In particular, Zooniverse has developed a tool called the ‘Project Builder’ that enables anyone to create a project without any coding knowledge. By contrast, building a project for BOINC still comes with a high entry cost in terms of specialized knowledge, reflecting its pre-Web 2.0 origins and its deep entanglement with computer culture. With the Zooniverse Project Builder, scientists create a project out of a series of ‘workflows’ (‘the sequence of tasks that you’re asking volunteers to perform’) that are in turn made of four generic ‘tasks’: ‘Question’ (answering a question about an image), ‘drawing’ (marking features in the image), ‘text’ (transcribing a text) and ‘survey’ (recognizing specific items in an image).

With the generalization inherent to platformization comes an inevitable standardization of the code infrastructure and, consequently, of the kind of data and analysis that can be performed. In their recommendations to project builders, the organizers of Zooniverse point out that ‘Ideally, a 10- or 12-year-old child should be able to understand and do your project’, calling for the utmost simplicity, and uniformity, in terms of tasks performed. At Zooniverse, the last iteration of the infrastructure has been aptly named Panoptes (‘Panoptes, um … [laughs] so, it was from the Greek myth, so the idea of the all-seeing um … creature’ [#Z3]), with the ‘same code run[ning] the project and the back end’ [#Z1]. An interesting consequence of this standardization is that citizen science platforms, although they morally remain devoted to science, are structurally less and less related to scientific activity. Once platformization generalizes and reduces the analyses performed by the volunteers of citizen science into a limited number of basic tasks, these tasks become generic – that is, not necessarily linked to a specific scientific goal, or even to science:

It’s designed for specific interaction with data. So, it’s designed to show you something and ask you to do simple tasks or questions about it. That happens to be a pattern that’s common in a lot of science, because that’s how we’ve end up doing that. But yeah, there are other possibilities there …. [#Z2]

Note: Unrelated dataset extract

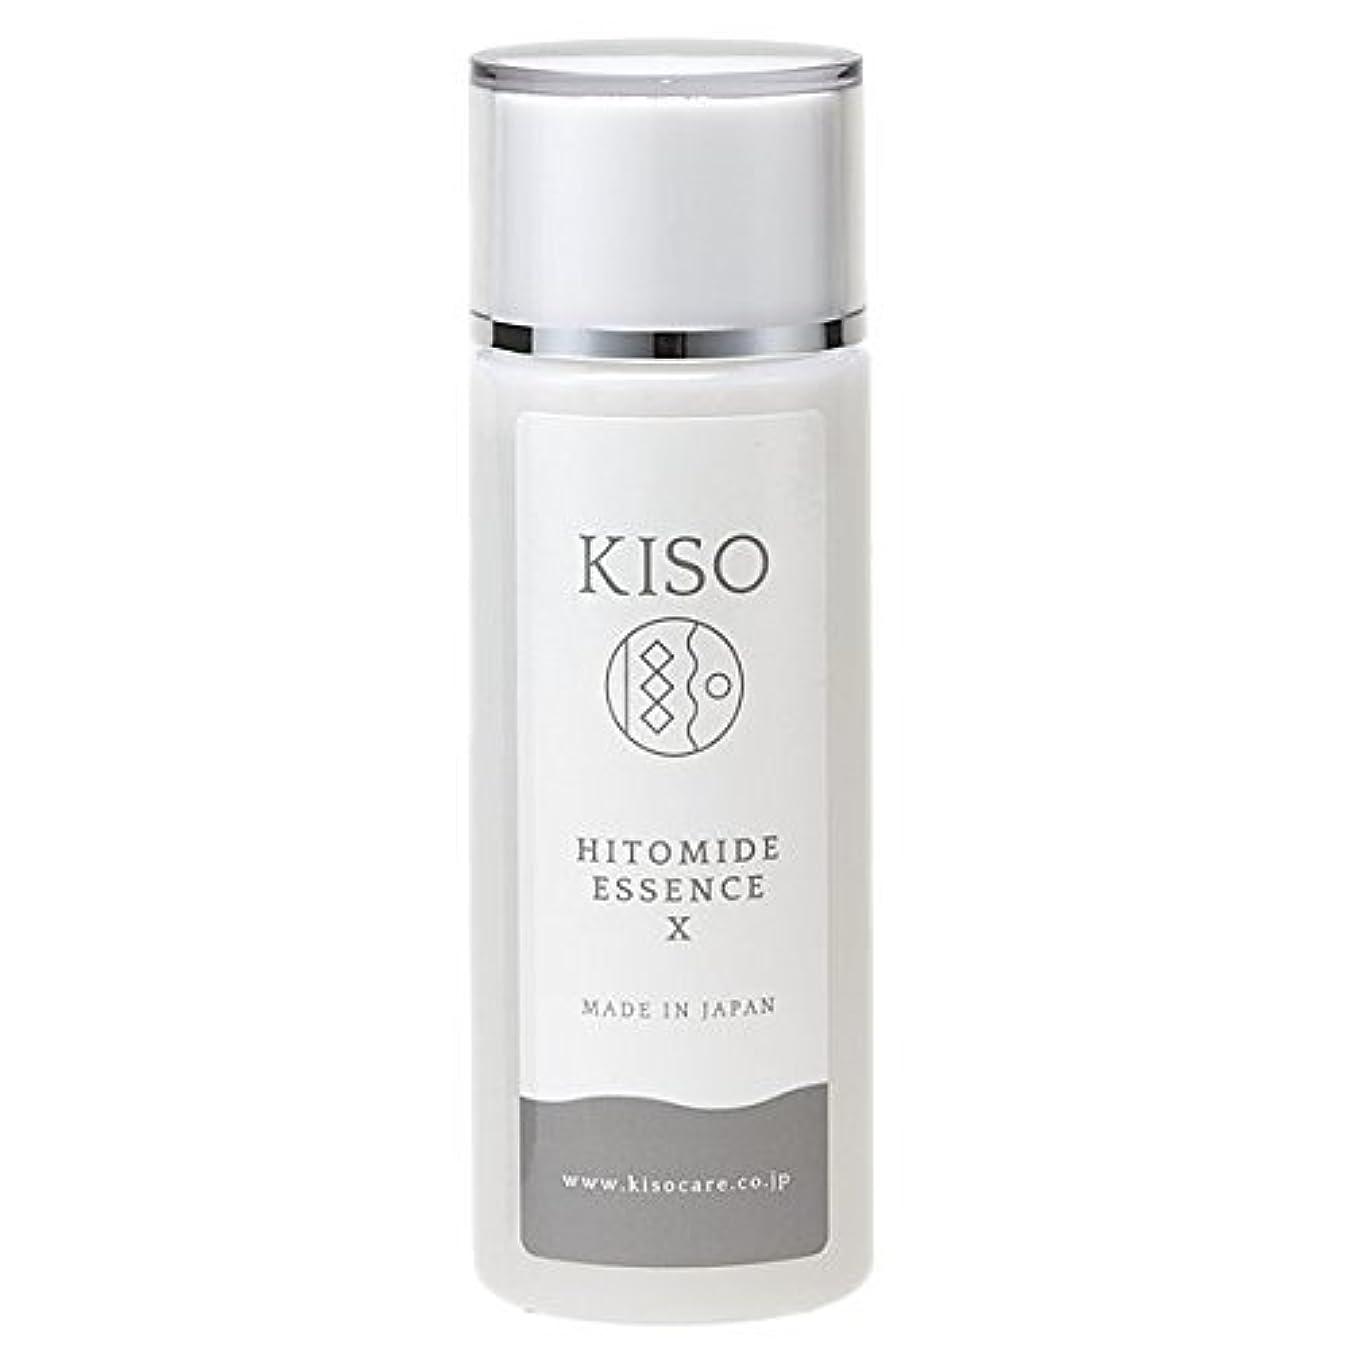 アンソロジーきつく急行するKISO ヒト型セラミド原液 10%配合 【ヒトミドエッセンスX 120ml】 保湿力アップ 肌荒れを防ぎキメを整えたい時に

In other words, both the BOINC and the Zooniverse infrastructures are open to whoever is interested in using them, not necessarily for (citizen) science. To be publicized on the BOINC or Zooniverse websites and to tap into their respective communities, they need to be science-related and approved (in Zooniverse, in part by the users), but otherwise, the two platforms are thought of as generic, neutral intermediation spaces:

The very nature of BOINC being an open-source project and having all the source code available online means that anybody anywhere can set up a BOINC project that they want. … That was one of the design goals for BOINC, it was to be a generic platform that anybody could use to do volunteer computing. [#B2]

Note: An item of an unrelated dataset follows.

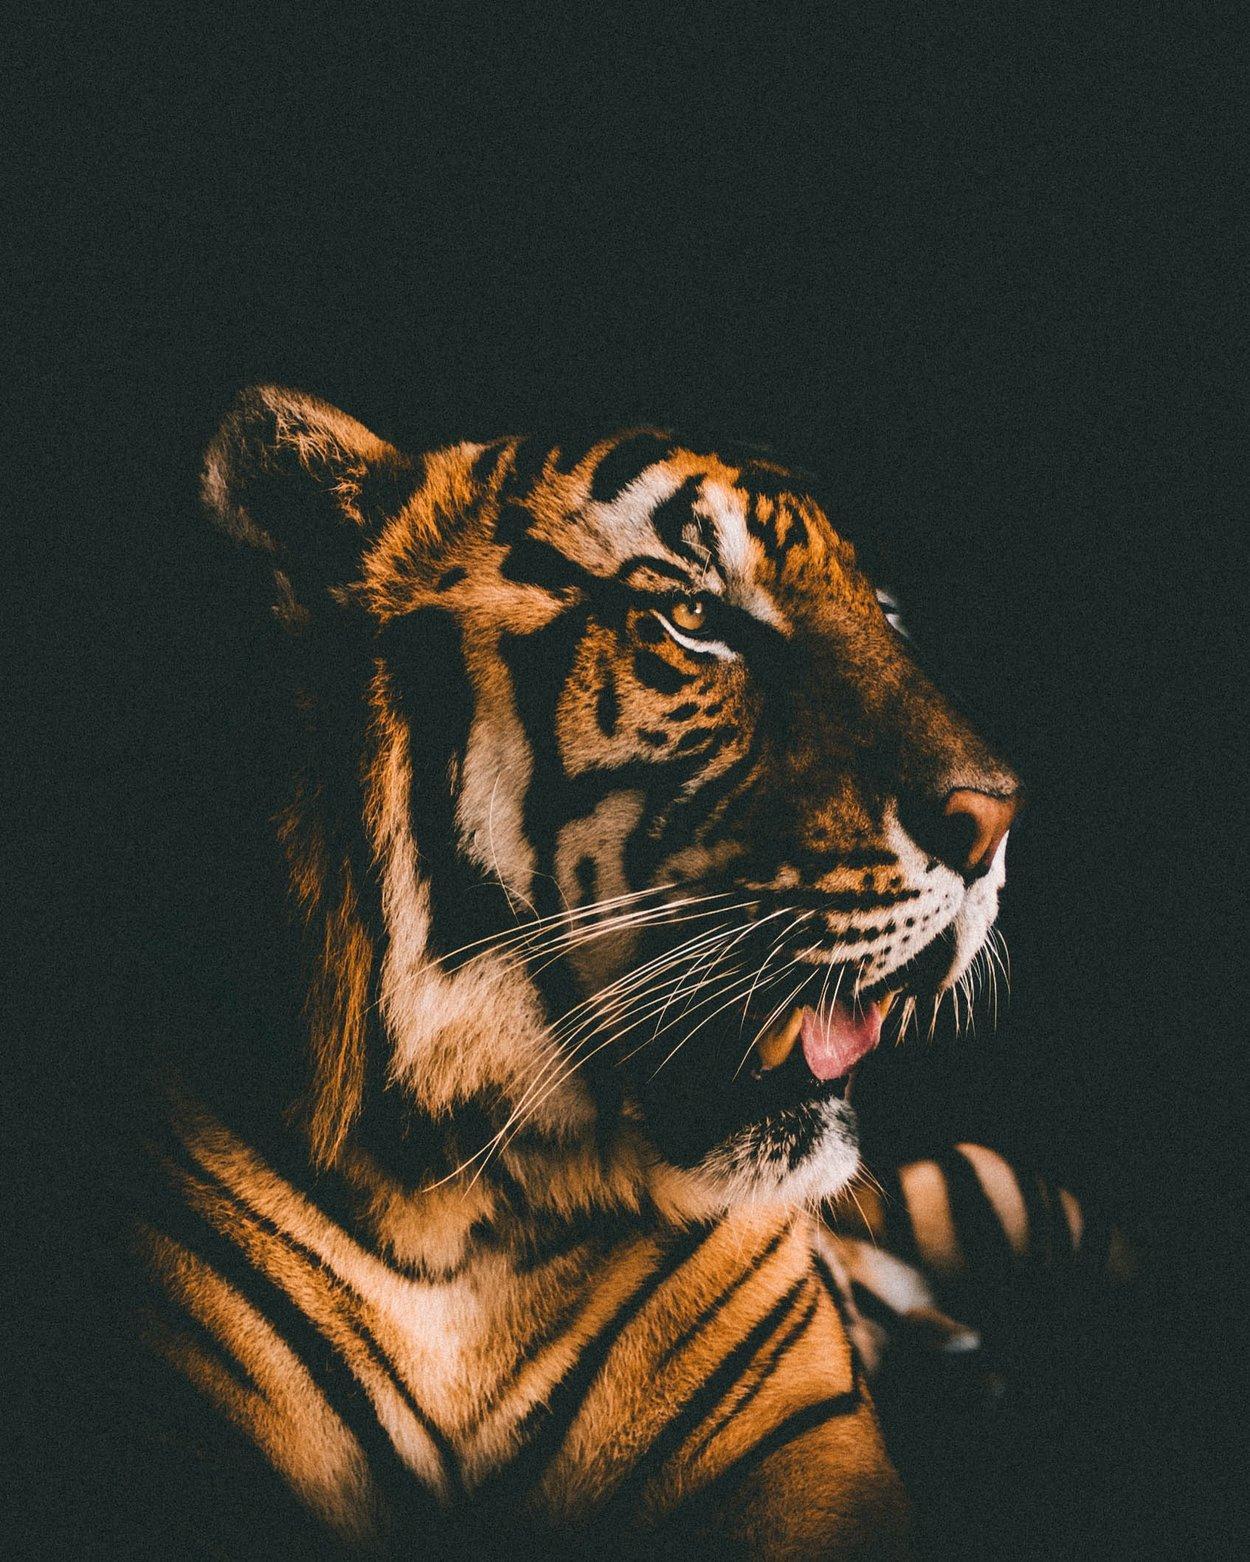 Tiger-Tattoo Portrait

So if you come along and build a project and you run it with your community, at the minute, I don’t care what you do. [#Z1]

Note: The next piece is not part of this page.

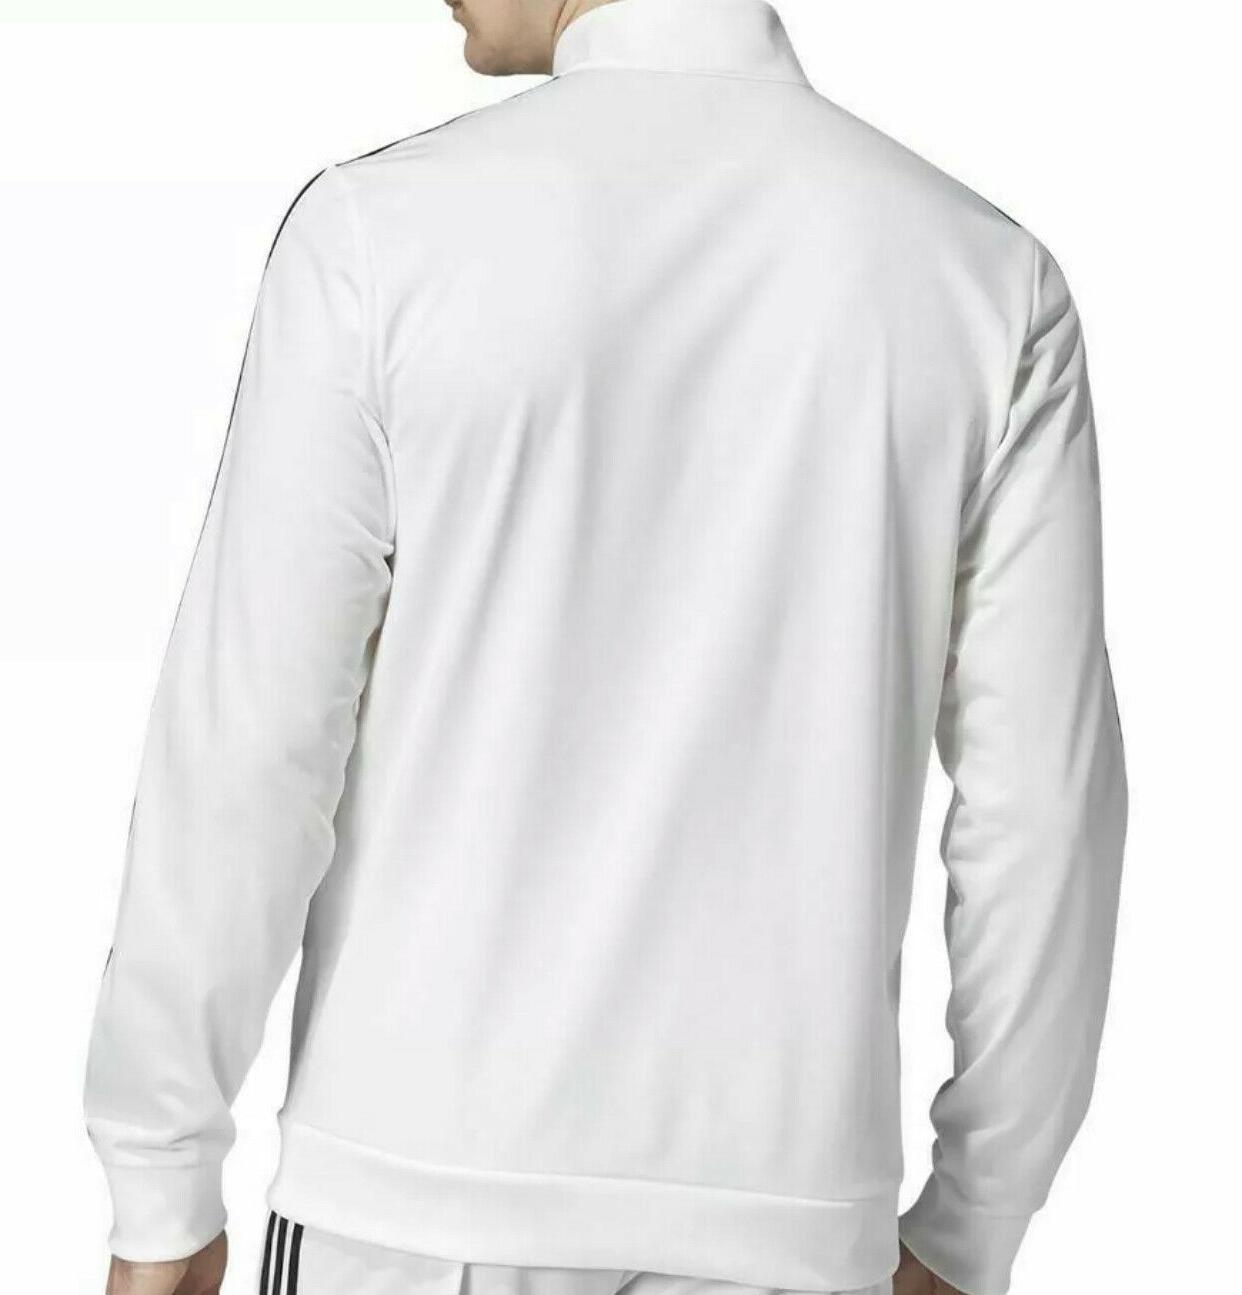 NWT Adidas Tricot EB3989 White

Ultimately, citizen platforms can be made to resemble ‘decision markets’, in which users vote for scientific projects not by casting a ballot but by choosing to contribute to a project, thereby revealing their preferences: ‘Because computer owners can contribute to whatever project they choose, the control over resource allocation for science will be shifted away from government funding agencies and toward the public’ predicted SETI@ home founder David Anderson (2003). Although they initially embed volunteering as well as scientific norms through different technologies – either rhetoric, of the self, social and ontological – platformization transforms citizen science projects into spaces whose central function is perhaps less the production of scientific knowledge than mediation between tasks, collectives and machines. Already almost twenty years ago, SETI@home founder David Anderson had highlighted such flexibility, imagining that citizen science platforms could become ‘decision markets’, in which users would vote for scientific projects not by casting a ballot but by choosing to contribute to a project, thereby revealing their preferences: ‘Because computer owners can contribute to whatever project they choose, the control over resource allocation for science will be shifted away from government funding agencies and toward the public’, he predicted (Anderson, 2003).